━━ Source data ━━

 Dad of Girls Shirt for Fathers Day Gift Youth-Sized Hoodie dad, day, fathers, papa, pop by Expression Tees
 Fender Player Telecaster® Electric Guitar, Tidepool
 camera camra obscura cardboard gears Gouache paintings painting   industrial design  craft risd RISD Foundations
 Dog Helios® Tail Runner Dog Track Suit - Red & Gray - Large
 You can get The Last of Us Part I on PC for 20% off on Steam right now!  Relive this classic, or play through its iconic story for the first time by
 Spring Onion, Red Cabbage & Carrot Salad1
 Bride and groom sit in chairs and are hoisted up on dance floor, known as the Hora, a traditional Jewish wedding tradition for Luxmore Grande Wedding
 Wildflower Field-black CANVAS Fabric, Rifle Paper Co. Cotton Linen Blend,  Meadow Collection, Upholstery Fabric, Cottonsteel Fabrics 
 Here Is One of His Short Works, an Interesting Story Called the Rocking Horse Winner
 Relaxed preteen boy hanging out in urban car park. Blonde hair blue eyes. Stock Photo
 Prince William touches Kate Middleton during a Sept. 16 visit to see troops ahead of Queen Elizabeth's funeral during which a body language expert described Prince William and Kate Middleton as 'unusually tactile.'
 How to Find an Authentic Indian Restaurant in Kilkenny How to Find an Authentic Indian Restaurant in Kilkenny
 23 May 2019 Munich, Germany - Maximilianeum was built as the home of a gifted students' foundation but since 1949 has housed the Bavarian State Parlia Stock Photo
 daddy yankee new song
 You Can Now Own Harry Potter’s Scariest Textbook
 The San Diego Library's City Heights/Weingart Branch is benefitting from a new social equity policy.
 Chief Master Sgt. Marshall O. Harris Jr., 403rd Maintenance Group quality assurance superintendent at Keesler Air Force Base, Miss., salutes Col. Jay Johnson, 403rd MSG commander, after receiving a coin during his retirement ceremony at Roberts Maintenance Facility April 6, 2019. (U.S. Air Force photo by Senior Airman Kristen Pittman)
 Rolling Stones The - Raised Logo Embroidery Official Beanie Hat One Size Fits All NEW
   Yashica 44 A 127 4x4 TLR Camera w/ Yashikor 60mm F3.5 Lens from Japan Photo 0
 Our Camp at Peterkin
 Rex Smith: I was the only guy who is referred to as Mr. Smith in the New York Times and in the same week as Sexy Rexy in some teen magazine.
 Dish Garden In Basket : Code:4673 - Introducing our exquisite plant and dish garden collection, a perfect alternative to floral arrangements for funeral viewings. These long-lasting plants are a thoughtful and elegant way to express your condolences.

━━━

** Exercise **
Where does "during" appear in the records above? Copy each line that holds it.

** Solution **
 Prince William touches Kate Middleton during a Sept. 16 visit to see troops ahead of Queen Elizabeth's funeral during which a body language expert described Prince William and Kate Middleton as 'unusually tactile.'
 Chief Master Sgt. Marshall O. Harris Jr., 403rd Maintenance Group quality assurance superintendent at Keesler Air Force Base, Miss., salutes Col. Jay Johnson, 403rd MSG commander, after receiving a coin during his retirement ceremony at Roberts Maintenance Facility April 6, 2019. (U.S. Air Force photo by Senior Airman Kristen Pittman)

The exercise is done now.